Сид Чаплин - День сардины
Надо было браться за работу. И я был рад этому. Двое работяг ушли в отпуск, и я спустился к старику Джорджу на дно канавы. Ночью прошел дождь, а насос ни к черту не годился, еле качал. Мы снимали двухфутовые слои земли со дна и стенок, то и дело натыкаясь на породу, которую старик Джордж называл каменным известняком. Через полчаса ноги у нас промокли, и сами мы тоже промокли до костей. В сырую погоду с этими пневматическими молотками совсем беда: от них немеют и болят руки, и к тому же они плюются мелкими каменными осколками величиной с кофейные зерна, которые летят прямо в глаза и в нос, попадают между ладонями и рукоятью.
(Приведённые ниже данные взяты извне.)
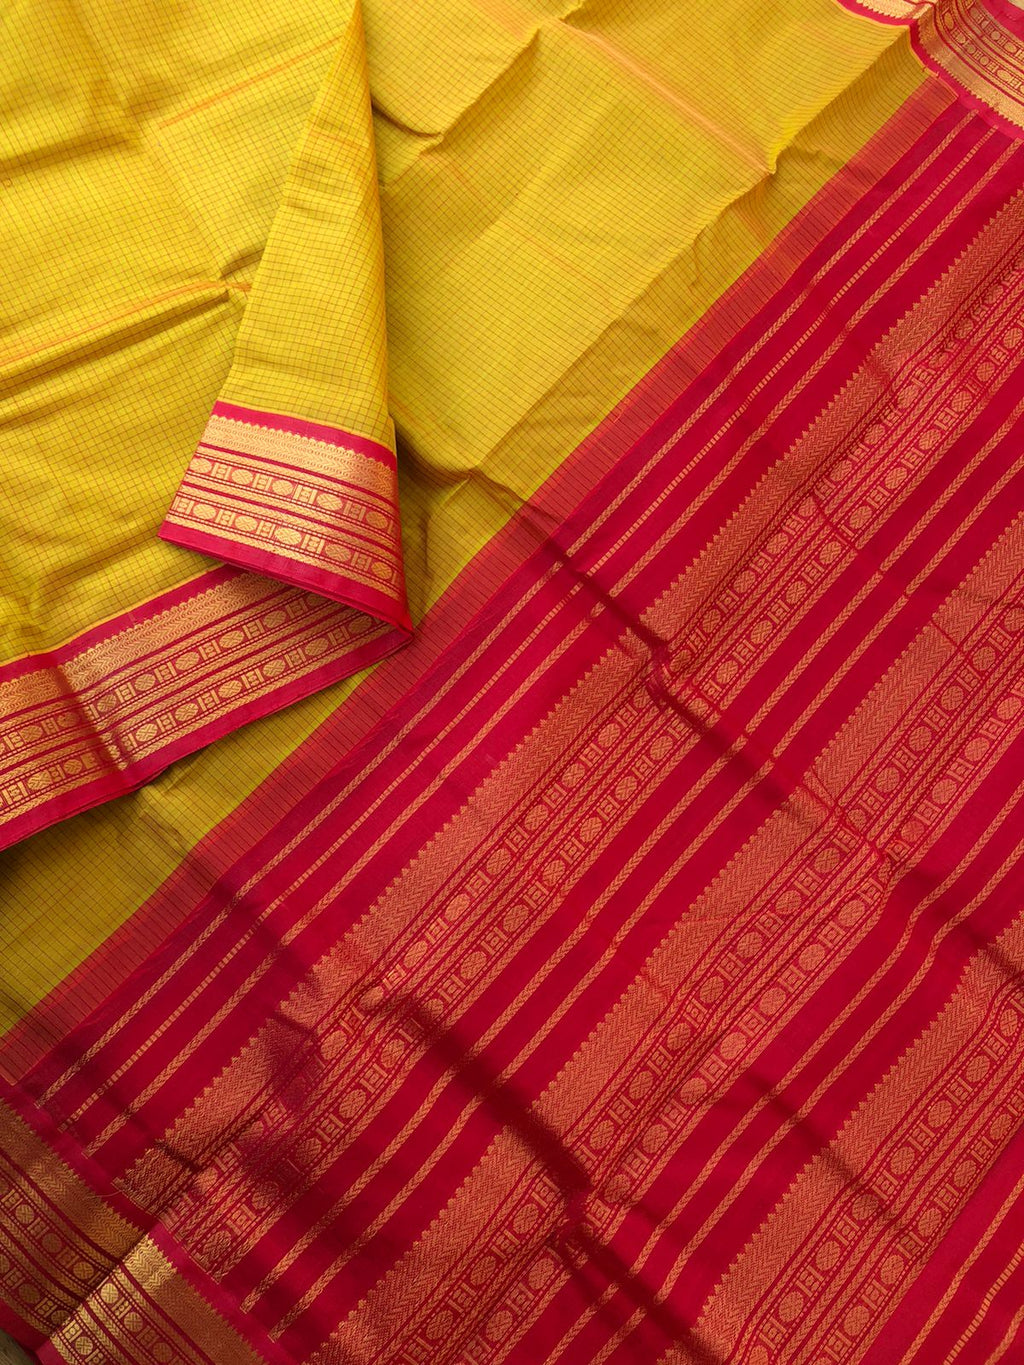 Korvai Silk Cottons - mustard and red podi kattam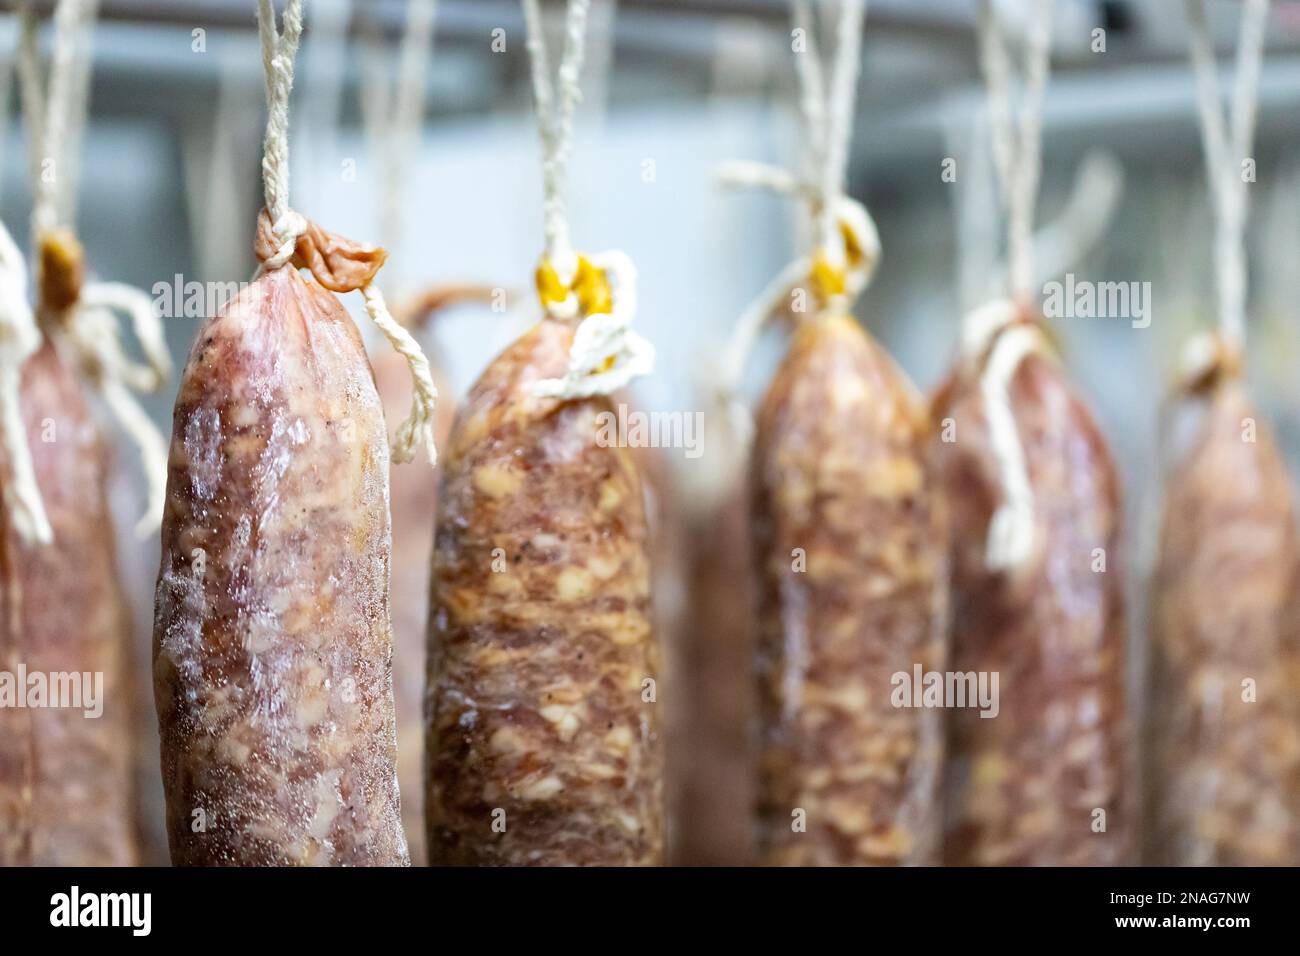 Llonganissa (cured & dried pork sausage) Stock Photo

В общем сам роешь себе могилу по первому разряду, а кирки и лопаты звучат, как адский оркестр. Время от времени я встряхивался и с тоской слушал эту музыку, а потом меня, как катапультой, снова отбрасывало назад, к моим мыслям. Я думал о полисменах и судьях, о том, что скажет моя старуха, когда узнает, как крепко я запутался, и вдобавок ко всему меня еще притянут свидетелем по делу об убийстве.
Носарь сказал мне на прощанье: «Держи язык за зубами, старик».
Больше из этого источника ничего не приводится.